On Fifth Avenue, one of the world’s best-known shopping addresses, the company on Thursday took the wraps off their new flagship store, a 10,000 square foot subterranean retail store nestled comfortably in the middle of a public space (complete with fountains, marble seating and free WiFi courtesy of Apple) between 58th and 59th street in Manhattan.

Some, before the covering that shrouded the glass cube was removed, argued that the design doesn’t fit in with the brick and mortar stores directly across the street. However, as the light of the day catches the newly revealed glass panes, and as the surrounding neighborhood is reflected back to those standing around the structure, it’s clear that the new addition to the retail space will be welcomed both for its retail contributions and artistic charm.

The Lights Will Always Be On

“In the city that never sleeps, neither does this store,” said Ron Johnson, Apple’s senior vice president of Retail, welcoming a collection of media, analysts and VIPs into the new space, which opens to the public at 6pm on Friday.

The thirty-two foot cube that caps the store is only the tip of the iceberg — in fact it only occupies five-percent of the public plaza that Apple helped improve — only hinting at the massive retail store beneath. The new location, the 147th will not only be open twenty-four hours a day, but will be open 365 days a year. Joking that his travels often leave him on the wrong time zone looking for something to do, Johnson said that the space would attract visitors from all over the world. “We don’t want a visitor [to New York City] to miss a chance to come to the Apple Store,” and added “this store will be open from today forever.”

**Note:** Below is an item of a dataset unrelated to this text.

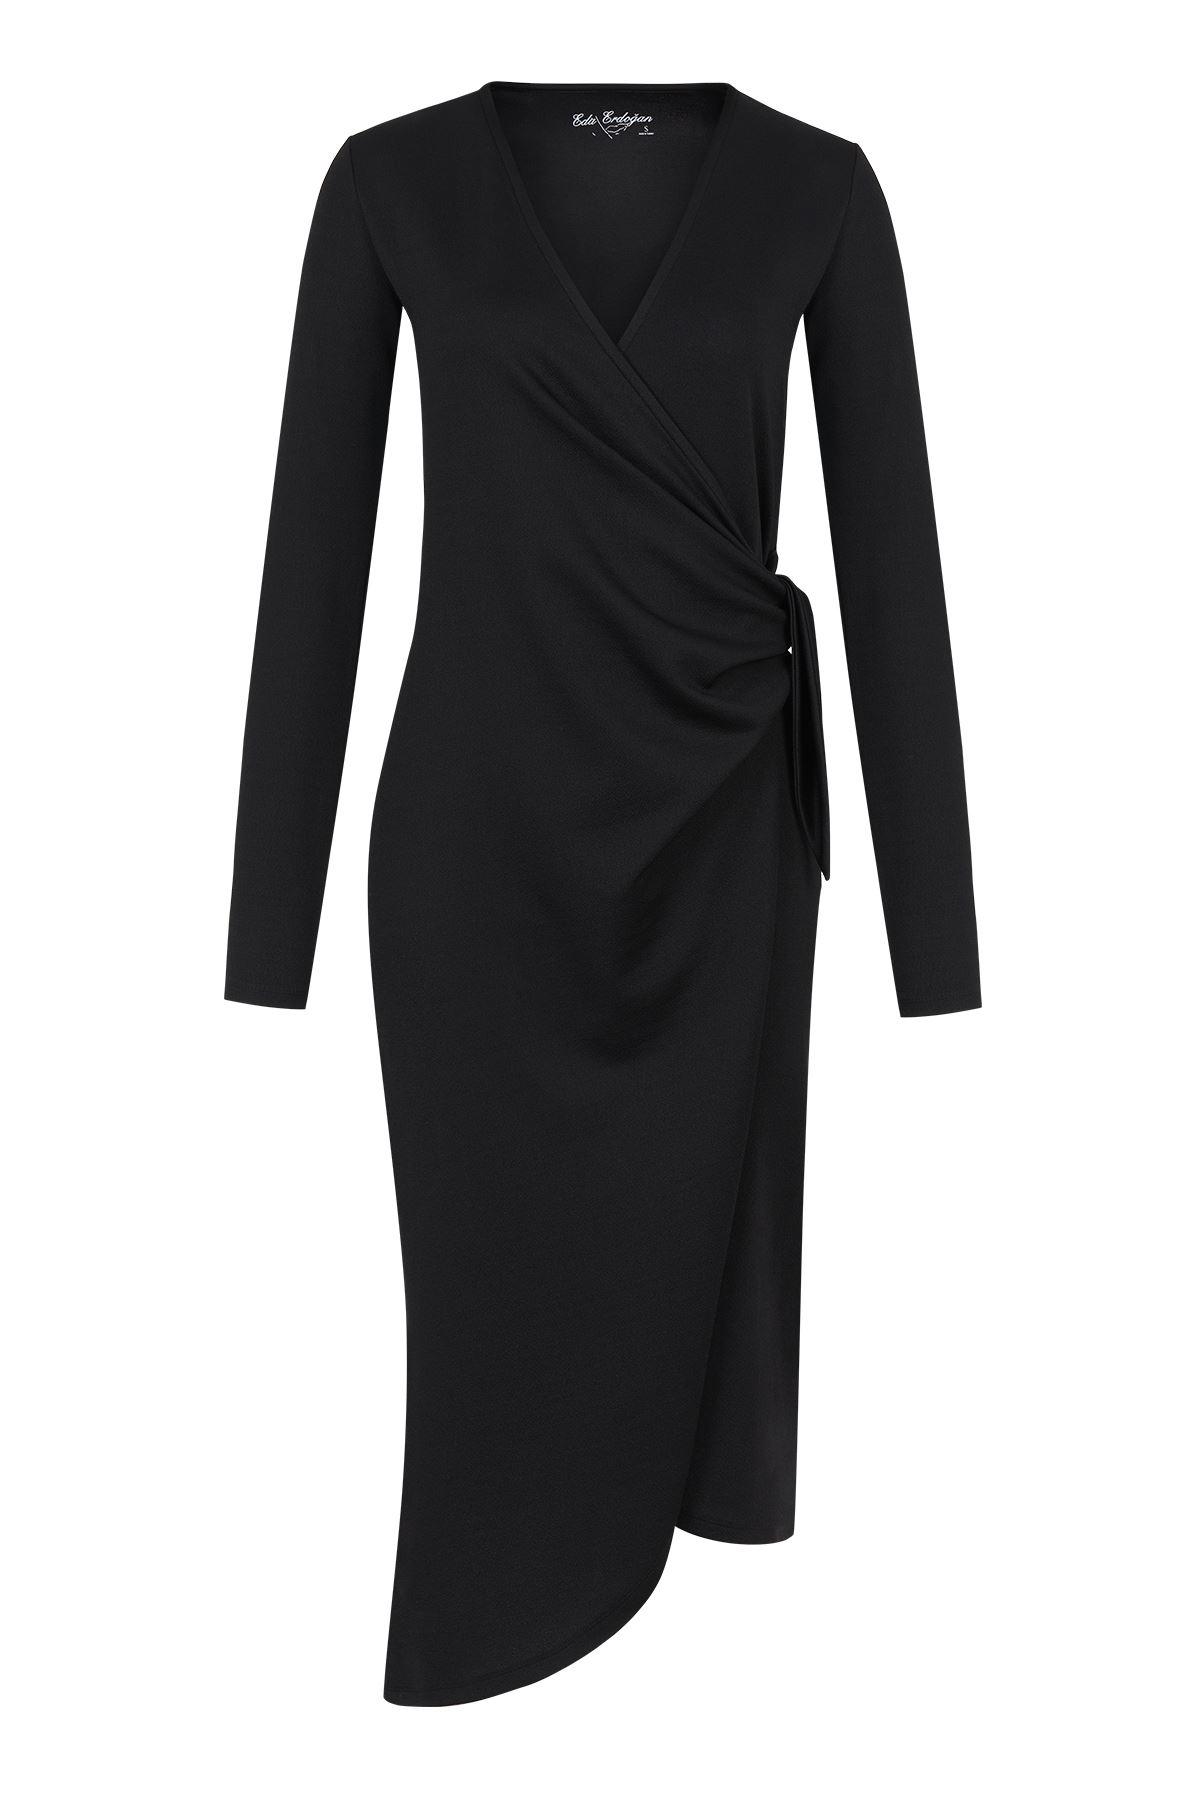 Siyah Kruvaze Midi Boy Elbise

Johnson said that the company knew as soon as they opened the SoHo store that they needed additional space. “We love SoHo … love the historic nature of the Post Office” he said, speaking of the landmark building in which the company’s first New York store resides, “history has shown that that’s a great New York store. “Within weeks” of the SoHo opening the Apple retail team began to look for new space uptown. “We fell in love with the place above where we are meeting today.” The company began talks with the City and the owner of the GM building, and soon began development of the store.

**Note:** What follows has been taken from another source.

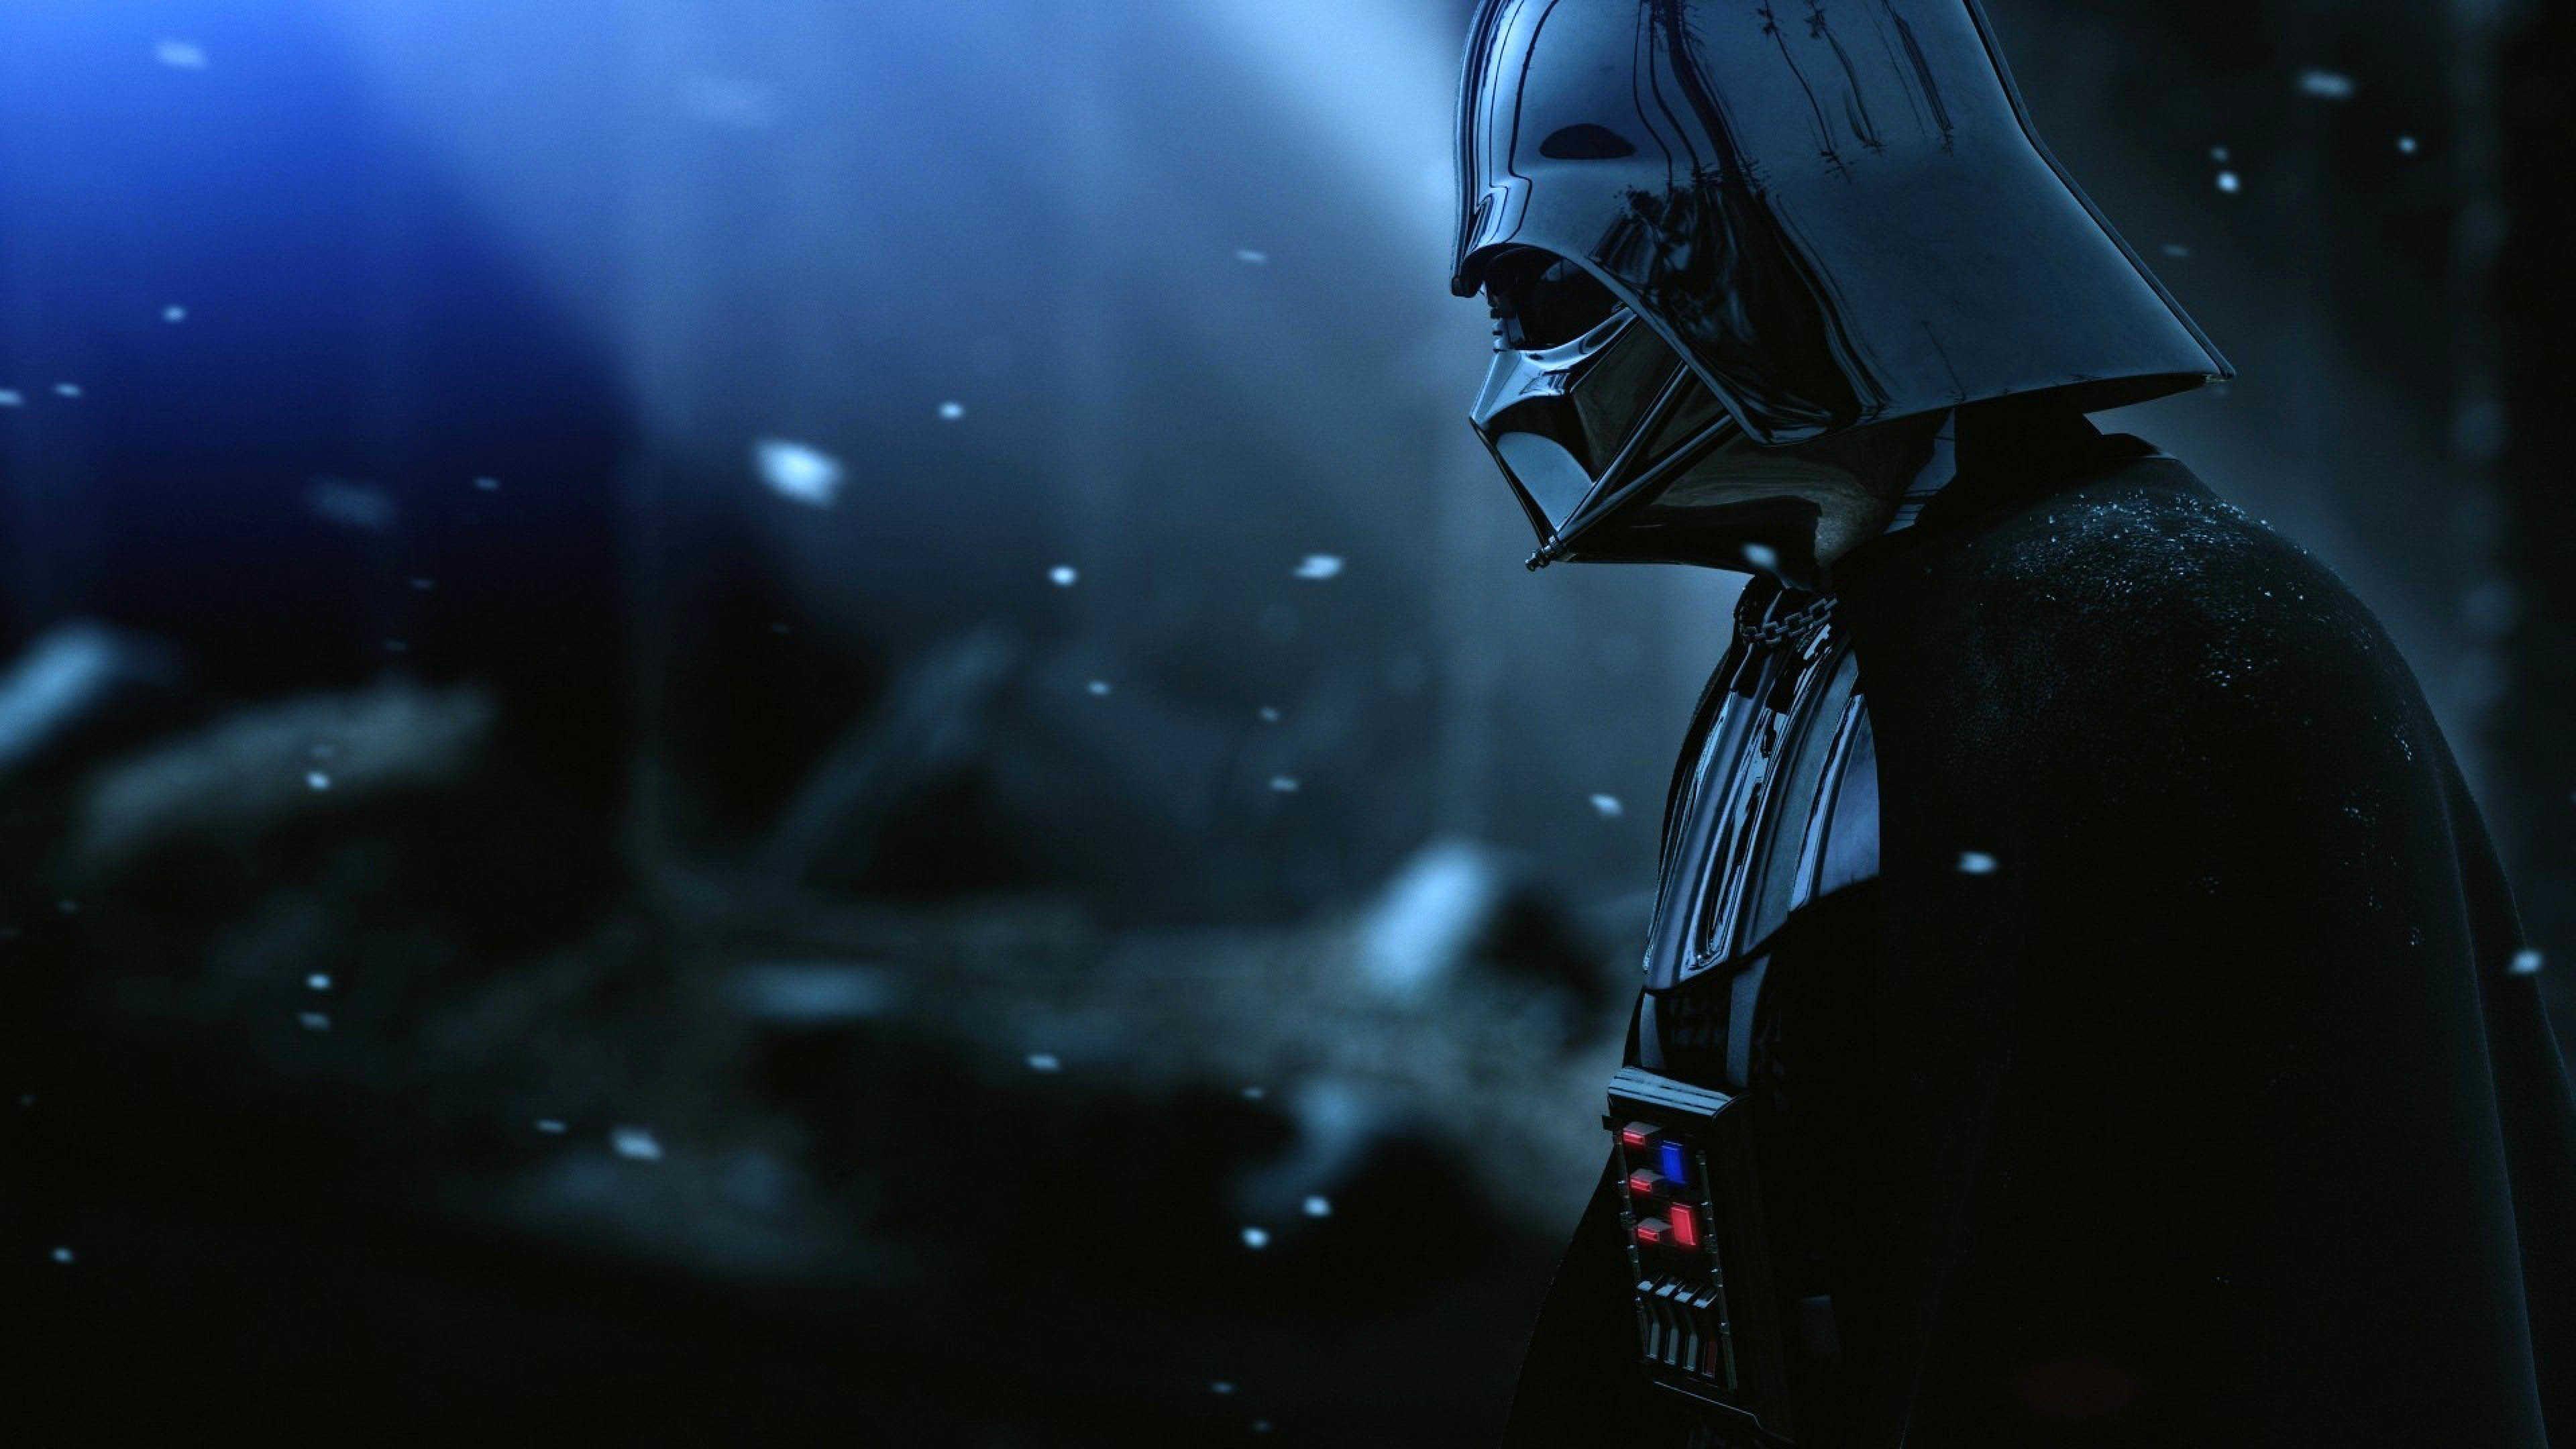 k Ultra Hd Wallpaper Star Wars

Johnson divulged some data about the company’s retail efforts, indicating that on average Apple stores earn $4000 per square foot. By comparison, Target, Johnson’s former employer, pulls in $300 per square foot. The new Fifth Avenue store has the same 10,000 feet at SoHo, but laid out in a single-floor rectangle directly beneath the cube.

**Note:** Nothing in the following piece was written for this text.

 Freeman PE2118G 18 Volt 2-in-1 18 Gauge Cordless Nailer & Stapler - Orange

Apple, it seems, spared no expense at making a truly breathtaking space bringing in glass for the cube from not only fabricators in nearby Long Island City but from craftsmen in Germany and Italy as well. There are 538 sheets of glass in the structure, supported by more than four hundred metal bolts. A custom-made cylindrical elevator occupies the center of the space, The glass cube was designed to let in light and ambiance throughout the day. “When I’m under here” said Johnson canopied by the cube “I feel like I’m in a public space.”

The massive interior is dominated in the middle by Mac and iPod displays and flanked by registers on one side and forty-five feet of Genius Bar. The store will employ 300 “amazingly-well trained people” culled from more than 5000 applicants. The Genius Bar (including the Studio section and the iPod section) employs 96 full-time people. By contrast, the first Apple Store opened had a staff of just forty-five.

Notably absent is a theater, the center point for training and educational program that is found in the SoHo store. Johnson indicated that they decided against trying to put too much into the store, making this store the 24-hour hub of shopping and activity, and having “our great artists” present at the SoHo store.

The store’s official opening will be at 6:00 p.m. and will feature a giveaway of a MacBook per hour for the first twenty-four hours. Not surprisingly, the first customers are already lining up for the opportunity to shop at the new Apple store.

Asked if this store now represented the flagship in the Apple retail chain, Johnson gushed about his love of the other stores, but conceded that this new space is as large as any other, contains more Macs on display than SoHo, and will, after all, be open all the time.

Ryan Tracy, who works a mere two blocks from the site has been watching the progress unfold since it started. “I think it’s beautiful”, said Tracy, amazed at how quickly the final touches came together.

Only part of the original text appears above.